Brief: Output the whole listing below exactly, omitting the images.
── Dataset excerpt
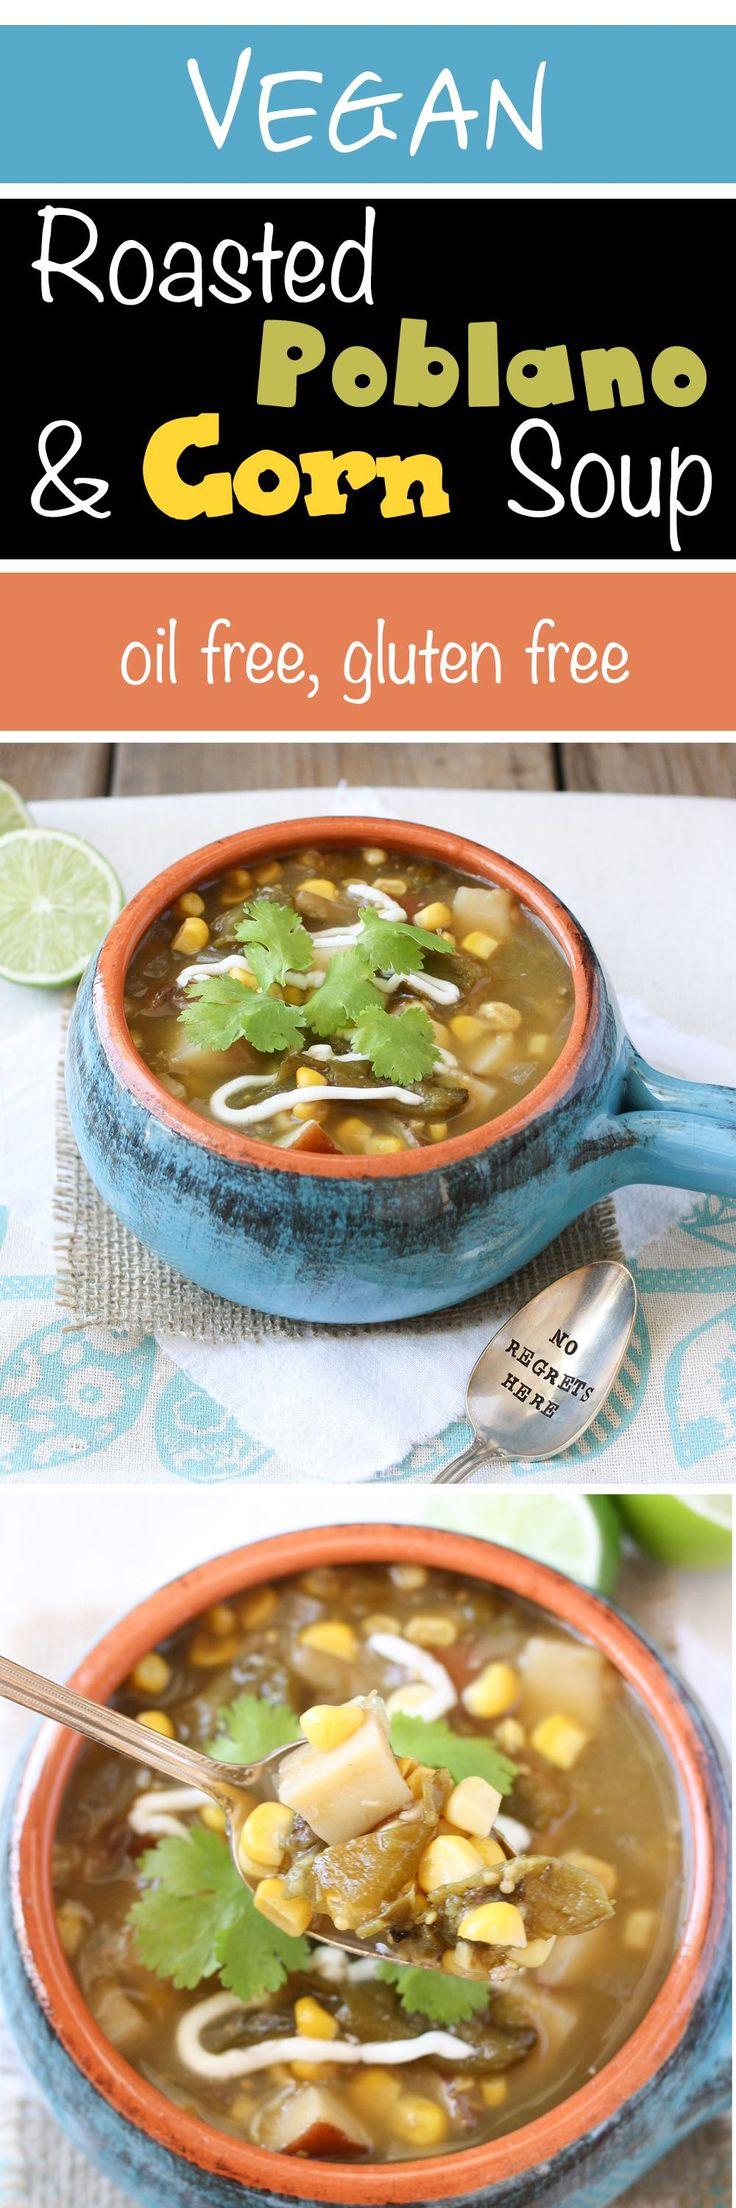 Roasted Poblano & Corn Soup | www.veggiesdontbite.com | #vegan #plantbased #glutenfree #oilfree #mexican
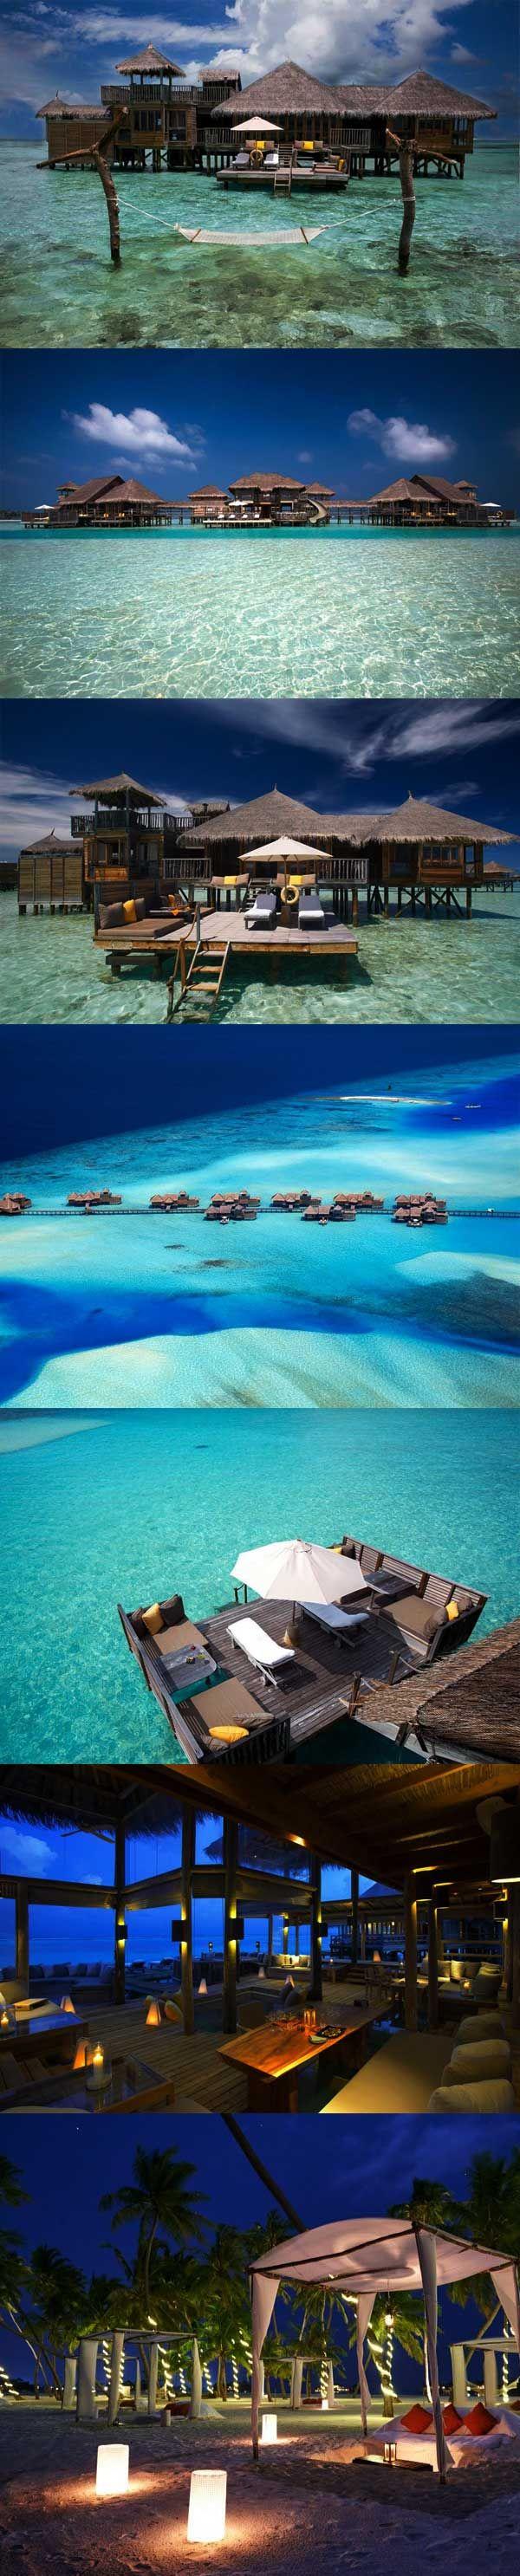 Best Best Hotels In Maldives Ideas On Pinterest Best - Island resort maldives definition paradise
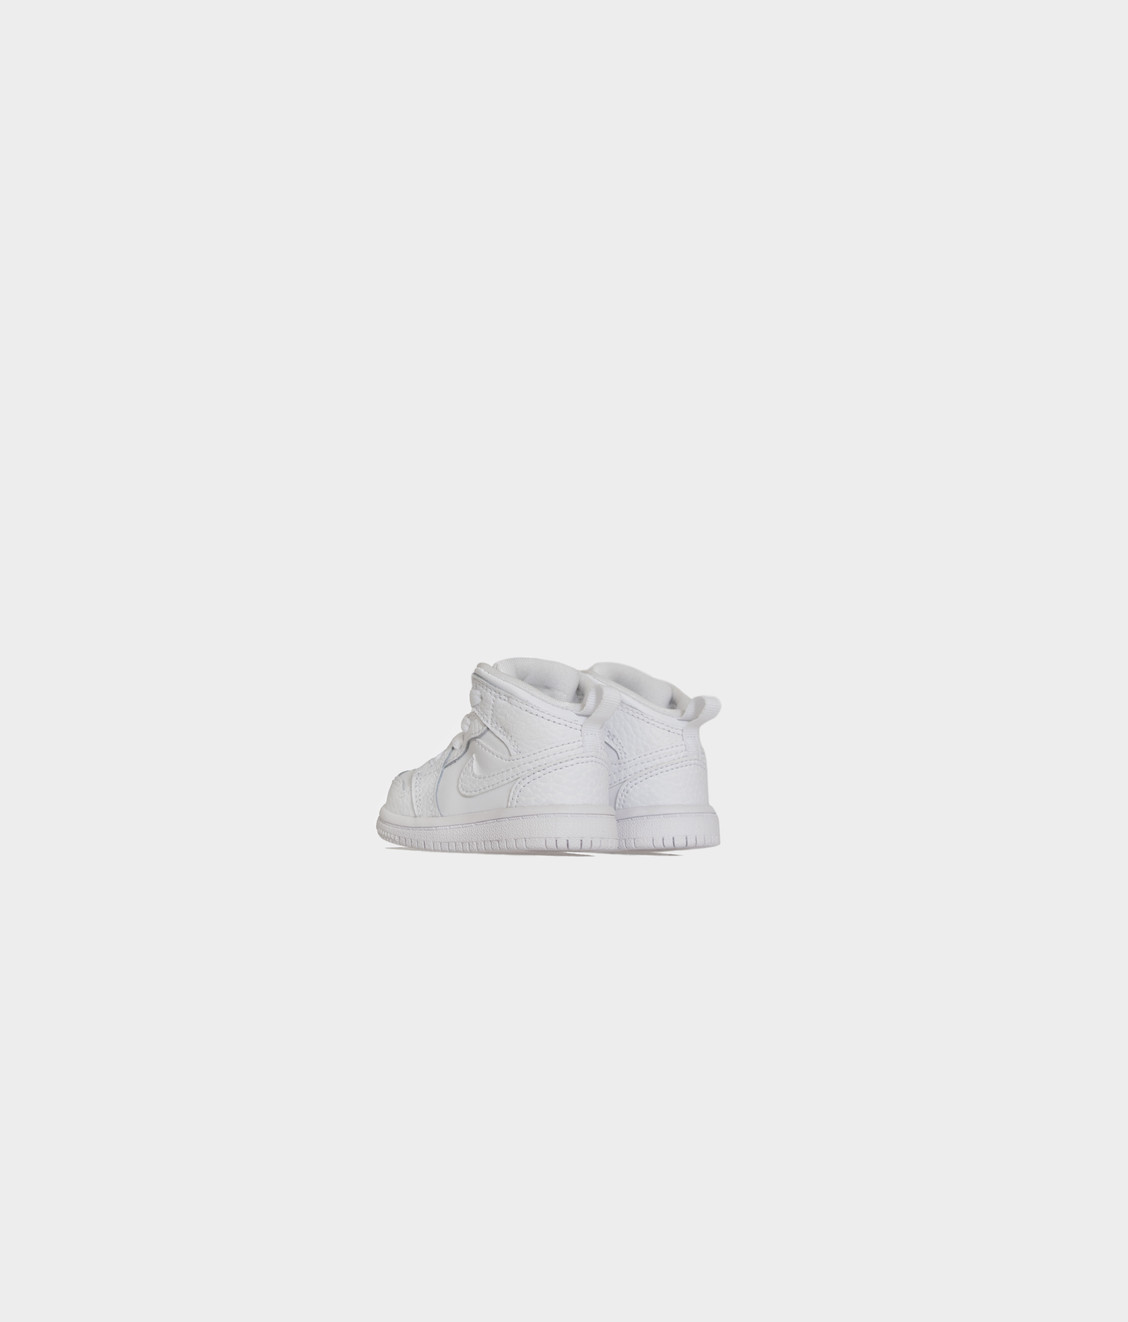 Nike Nike Jordan 1 Mid TD White
────
Answer space:
 Roasted Poblano & Corn Soup | www.veggiesdontbite.com | #vegan #plantbased #glutenfree #oilfree #mexican
 Best Best Hotels In Maldives Ideas On Pinterest Best - Island resort maldives definition paradise
 Nike Nike Jordan 1 Mid TD White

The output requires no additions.